### Exercise brief
Nothing but an exact repeat of the data, with pictures removed, belongs in the answer.
____ Data block
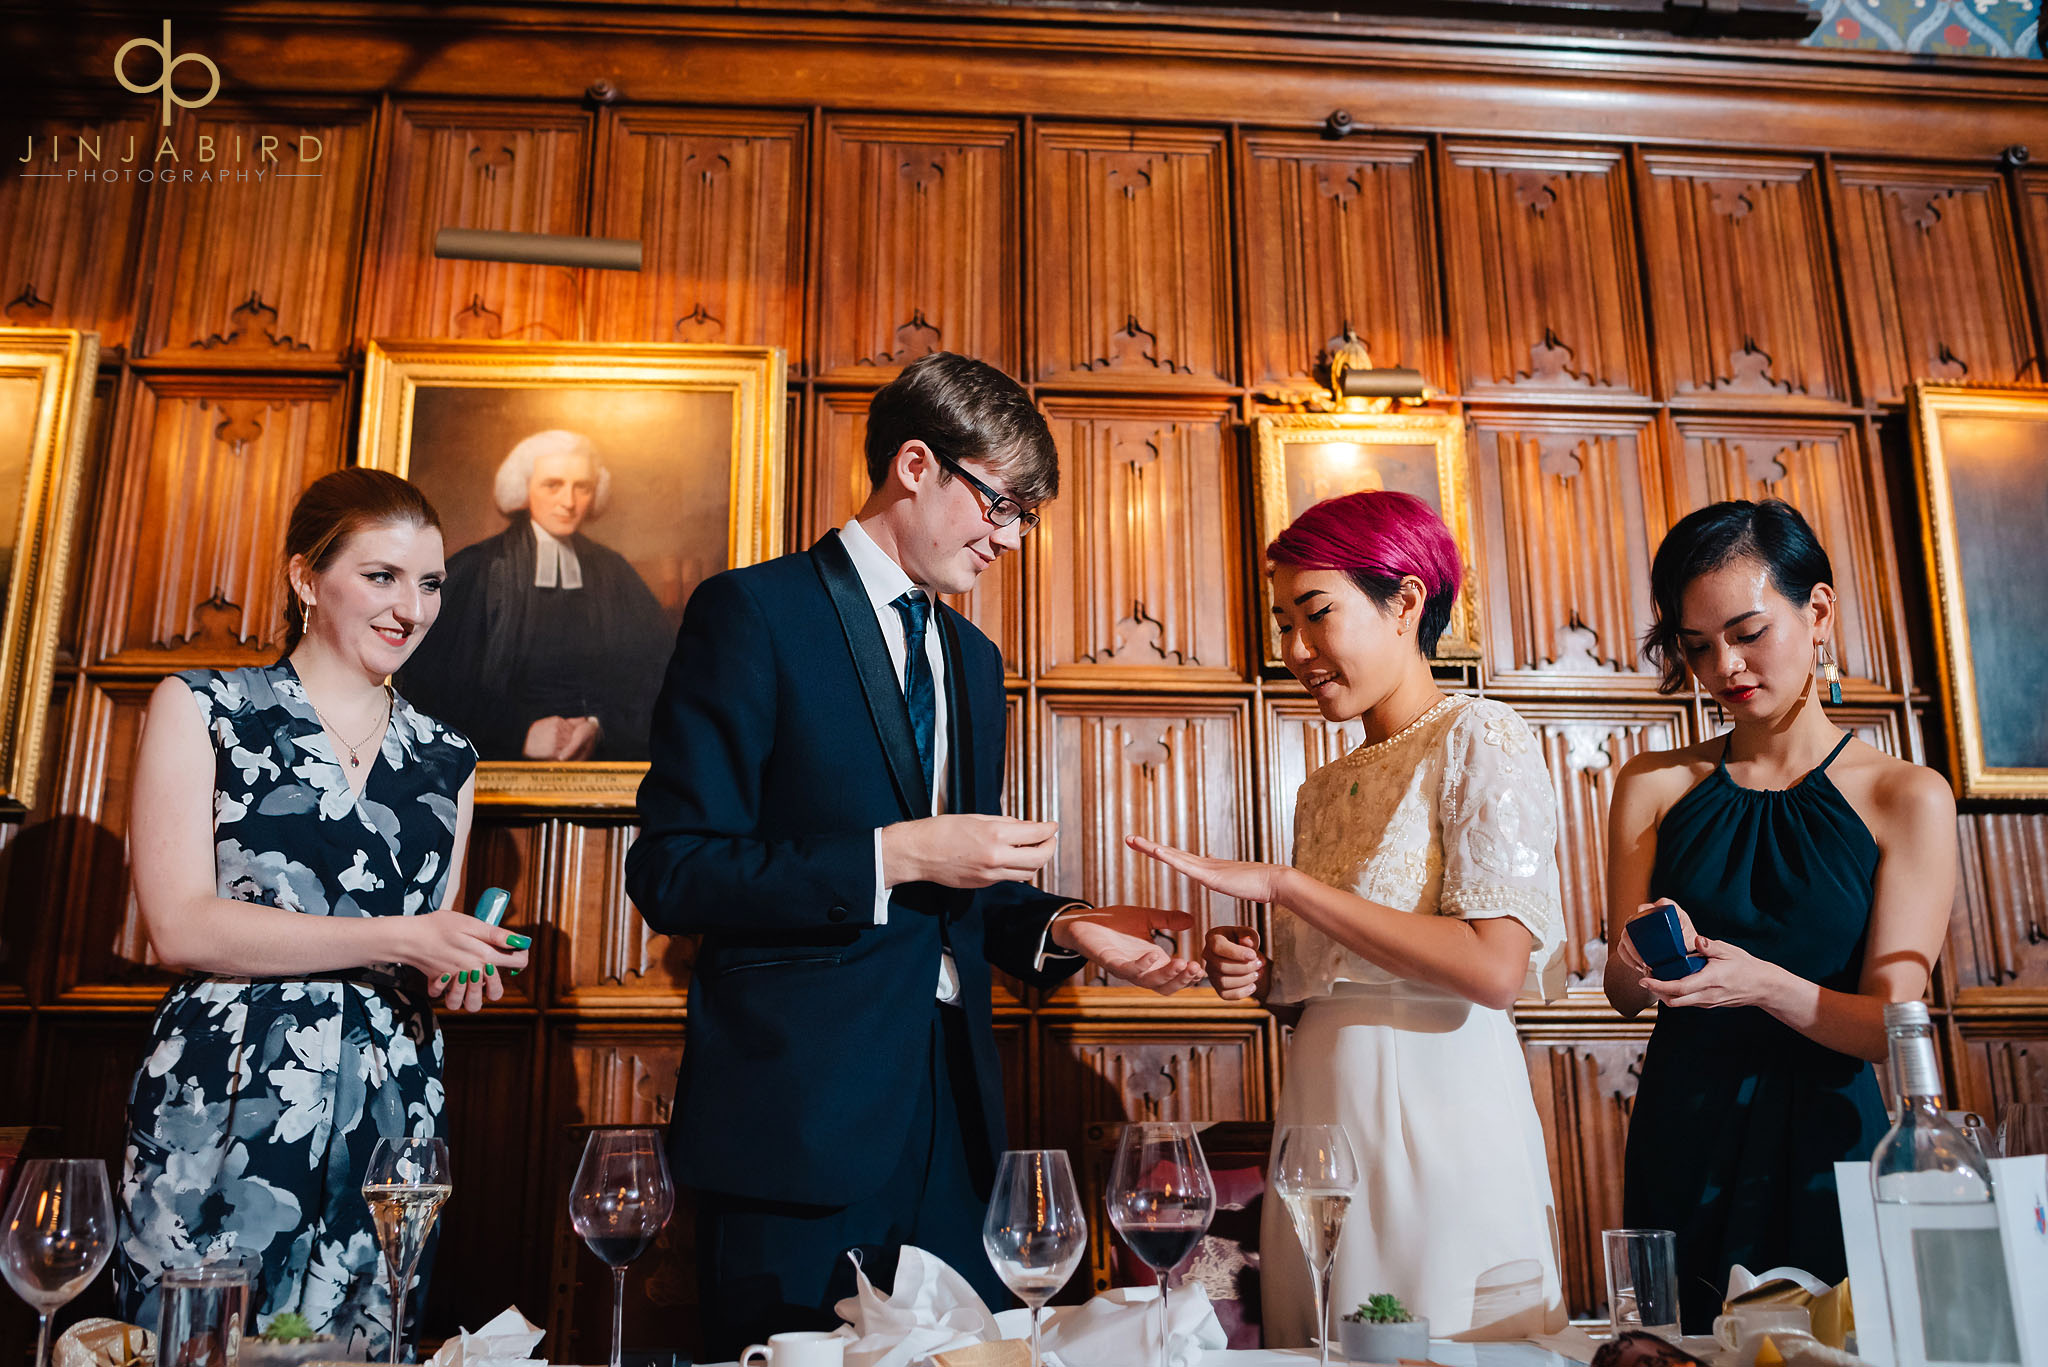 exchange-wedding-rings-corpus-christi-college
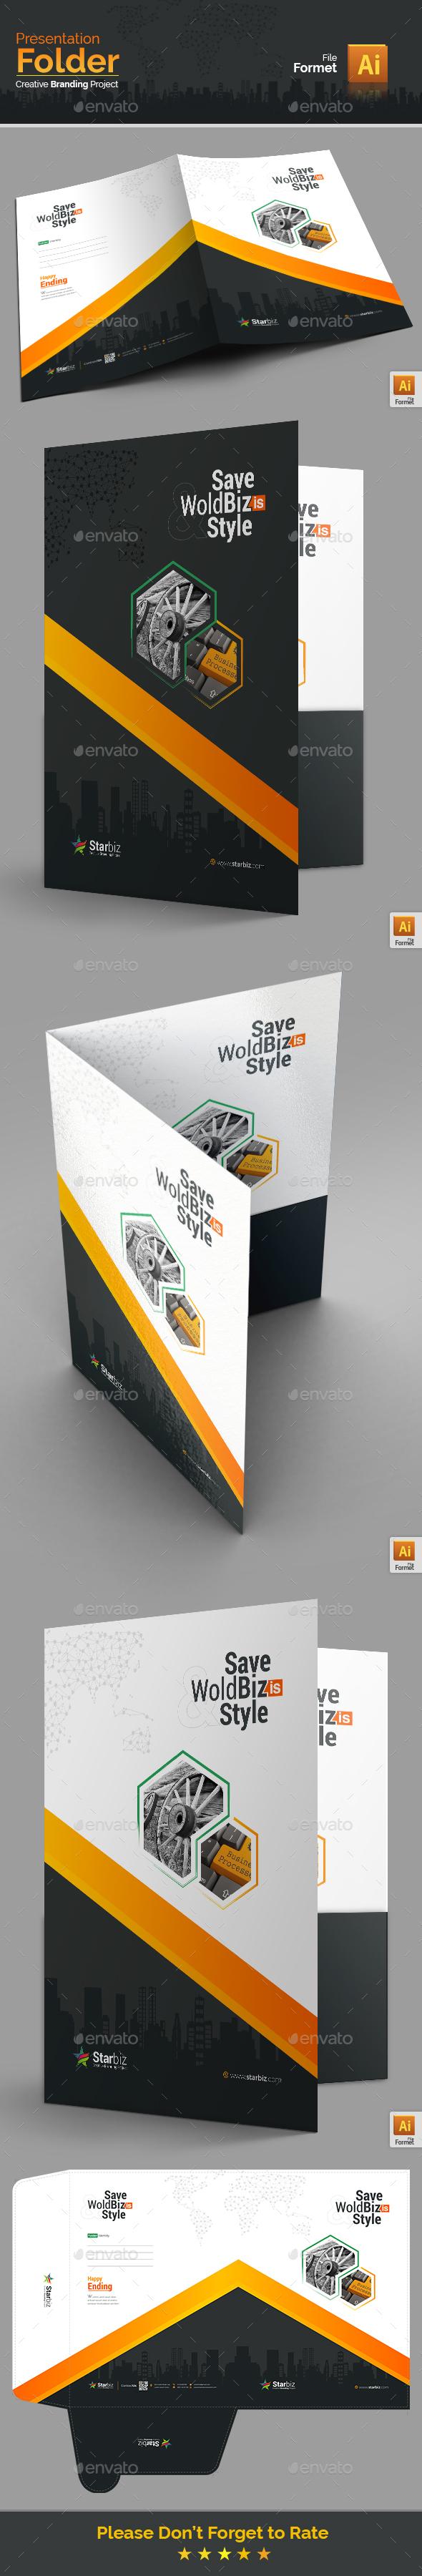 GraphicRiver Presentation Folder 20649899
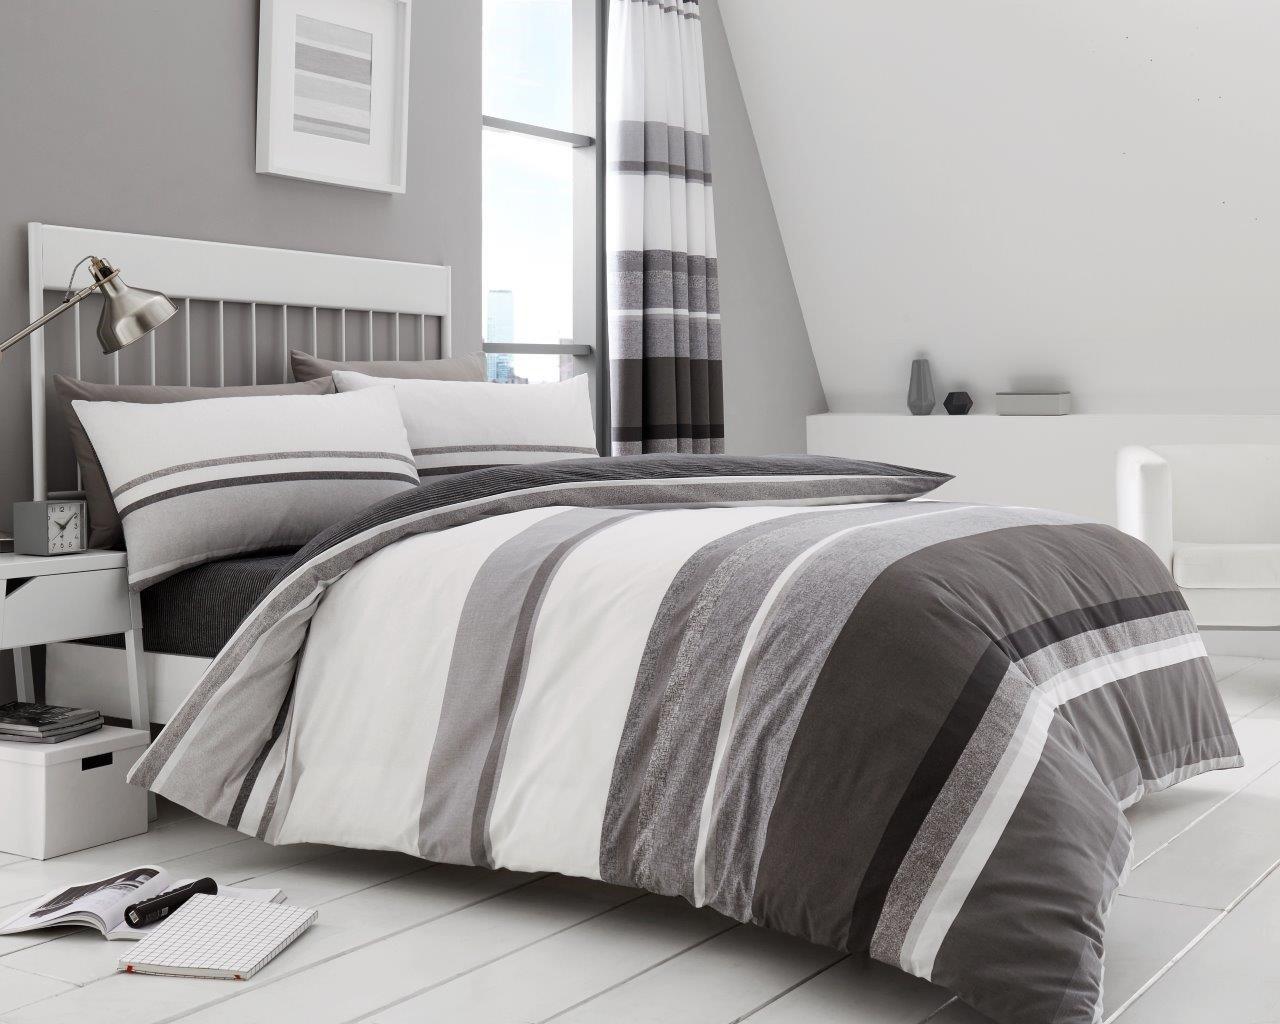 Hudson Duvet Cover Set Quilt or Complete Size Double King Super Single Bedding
________
### Answer to this task
 exchange-wedding-rings-corpus-christi-college
 GraphicRiver Presentation Folder 20649899
 Hudson Duvet Cover Set Quilt or Complete Size Double King Super Single Bedding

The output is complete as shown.